3. To perform experiments, run the python script with the corresponding config file as input. For example, to train and test FGFA with R-FCN, use the following command
```
python experiments/fgfa_rfcn/fgfa_rfcn_end2end_train_test.py --cfg experiments/fgfa_rfcn/cfgs/resnet_v1_101_flownet_imagenet_vid_rfcn_end2end_ohem.yaml
```
A cache folder would be created automatically to save the model and the log under `output/fgfa_rfcn/imagenet_vid/`.

4. Please find more details in config files and in our code.

## Misc.

Code has been tested under:

- Windows Server 2012 R2 with 4 K40 GPUs and Intel Xeon CPU E5-2650 v2 @ 2.60GHz
- Windows Server 2012 R2 with 2 Pascal Titan X GPUs and Intel Xeon CPU E5-2670 v2 @ 2.50GHz

## FAQ
Q: I encounter `segment fault` at the beginning.

A: A compatibility issue has been identified between MXNet and opencv-python 3.0+. We suggest that you always `import cv2` first before `import mxnet` in the entry script.

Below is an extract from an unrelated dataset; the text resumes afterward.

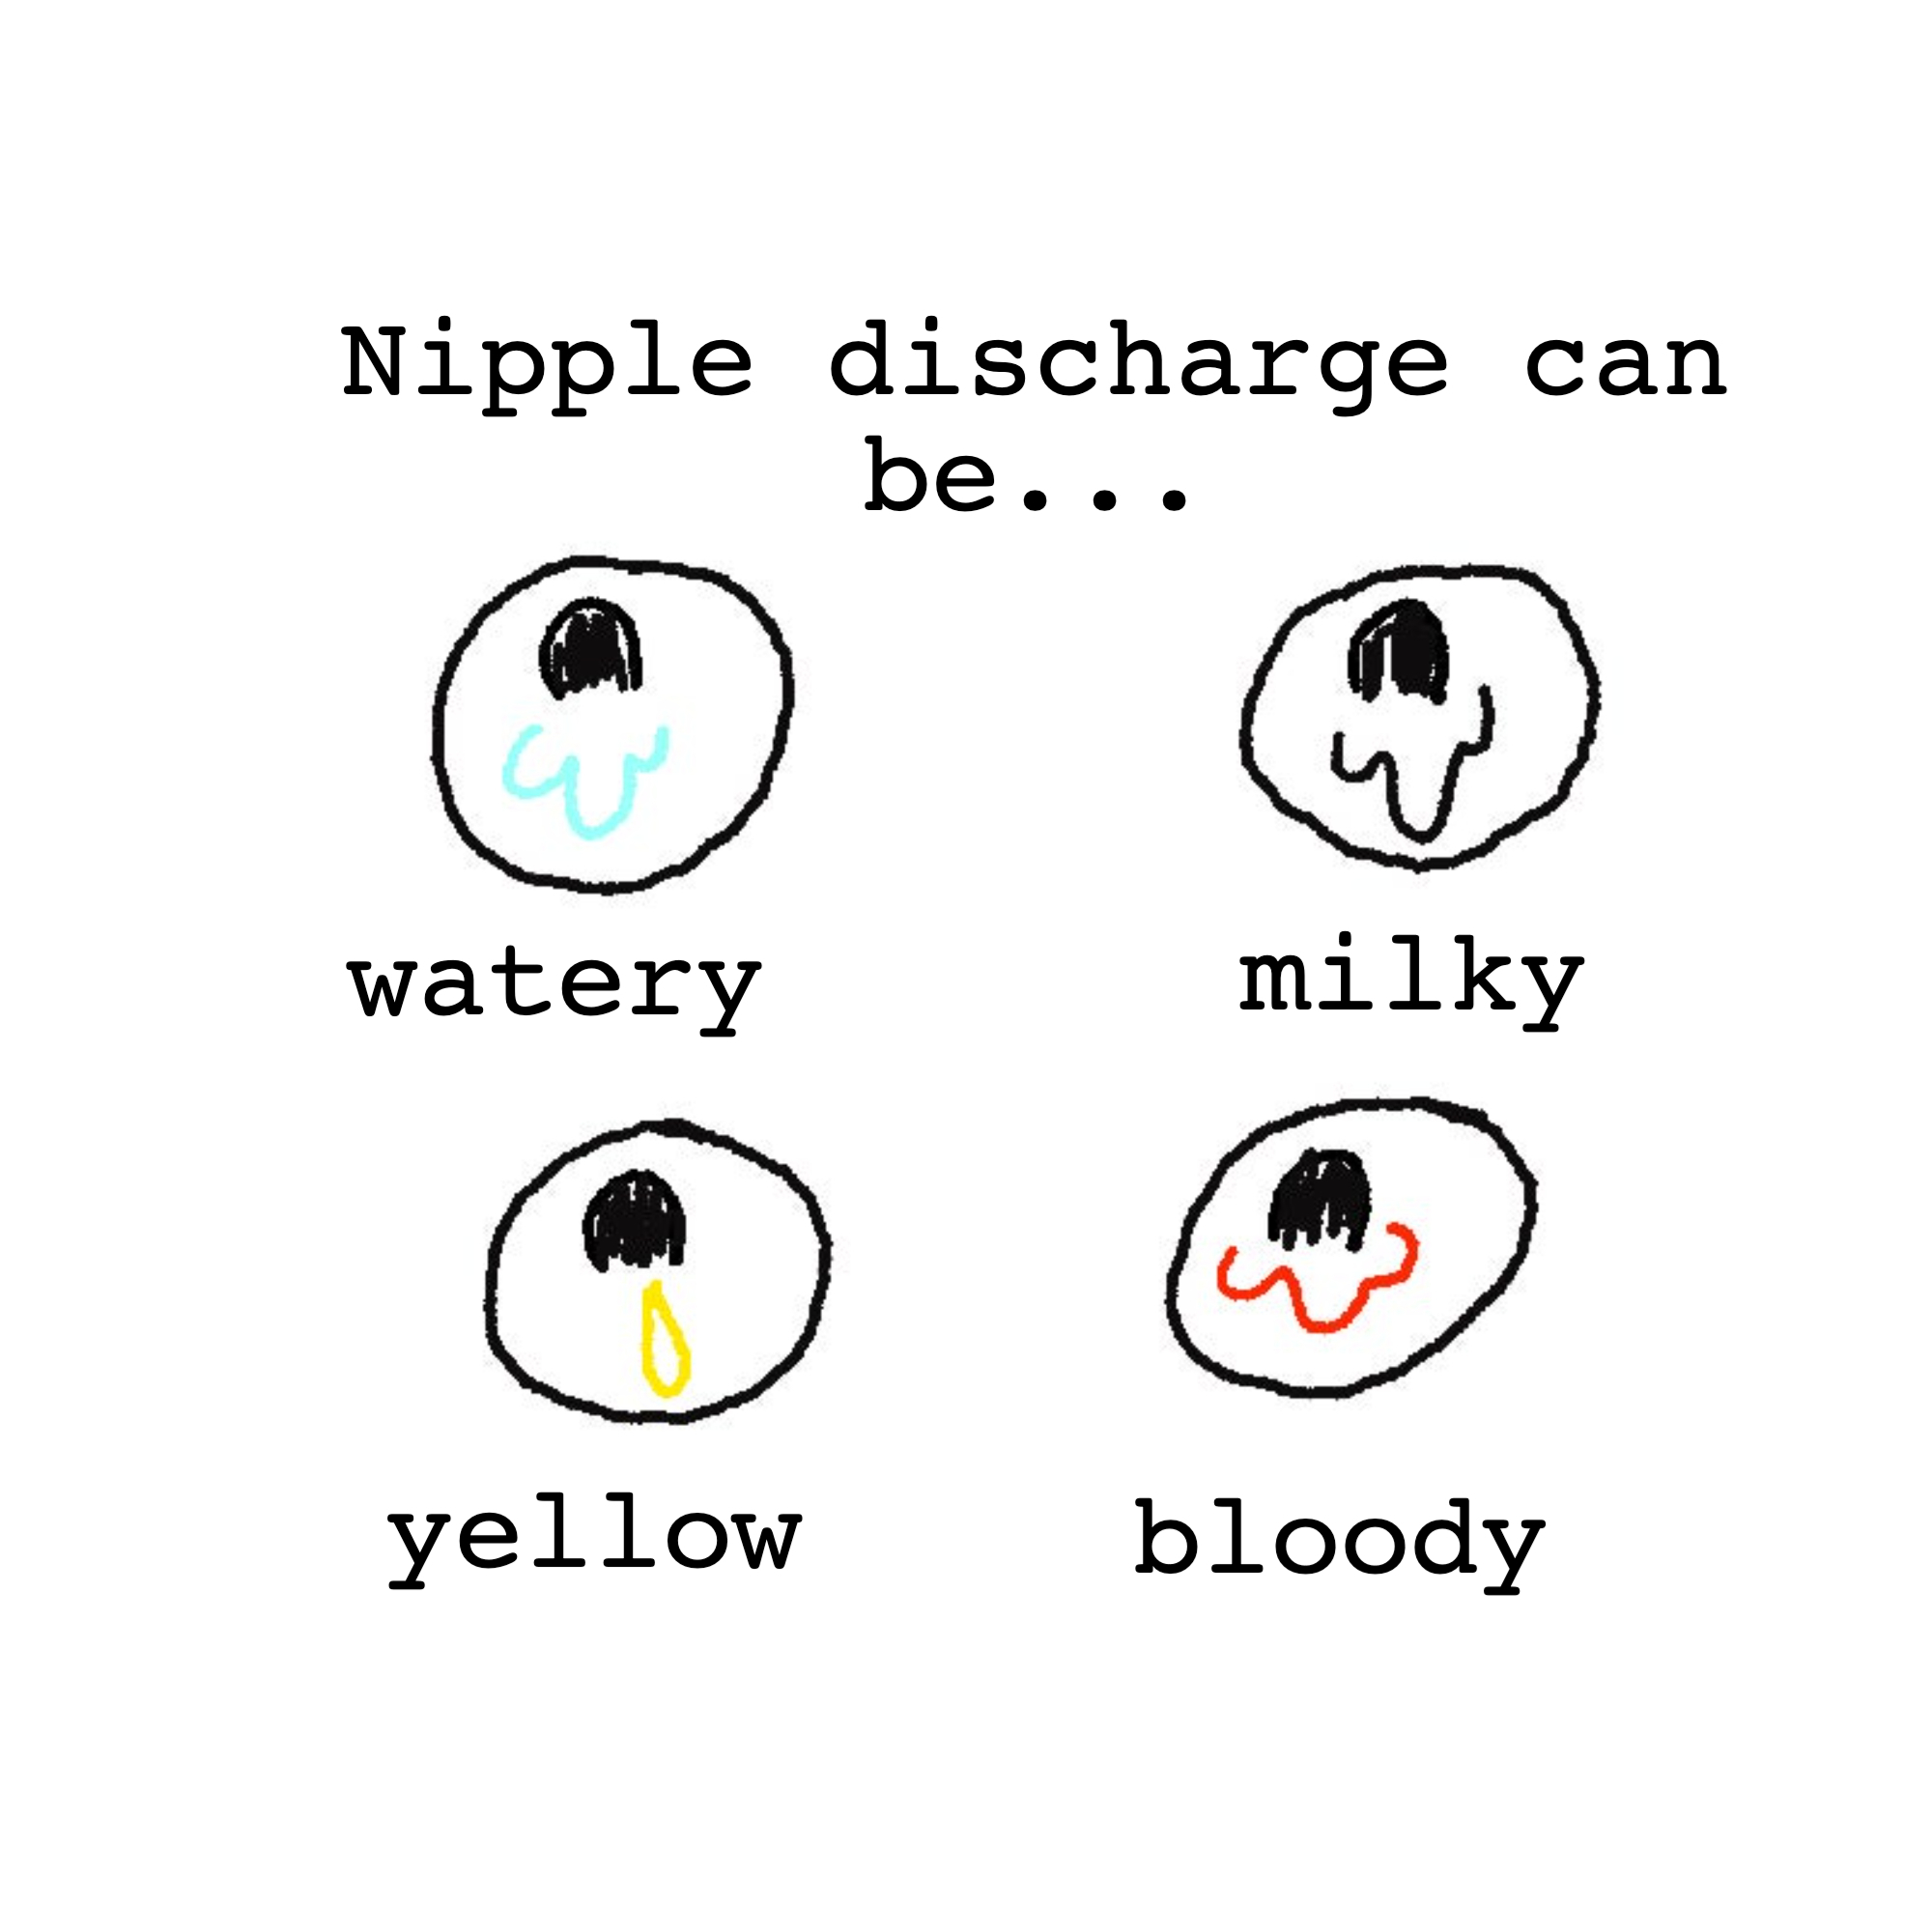 nipple discharge can be watery milky yellow or bloody

Q: I find the training speed becomes slower when training for a long time.

A: It has been identified that MXNet on Windows has this problem. So we recommend to run this program on Linux. You could also stop it and resume the training process to regain the training speed if you encounter this problem.




Q: Can you share your caffe implementation?

A: Due to several reasons (code is based on a old, internal Caffe, port to public Caffe needs extra work, time limit, etc.). We do not plan to release our Caffe code. Since a warping layer is easy to implement, anyone who wish to do it is welcome to make a pull request.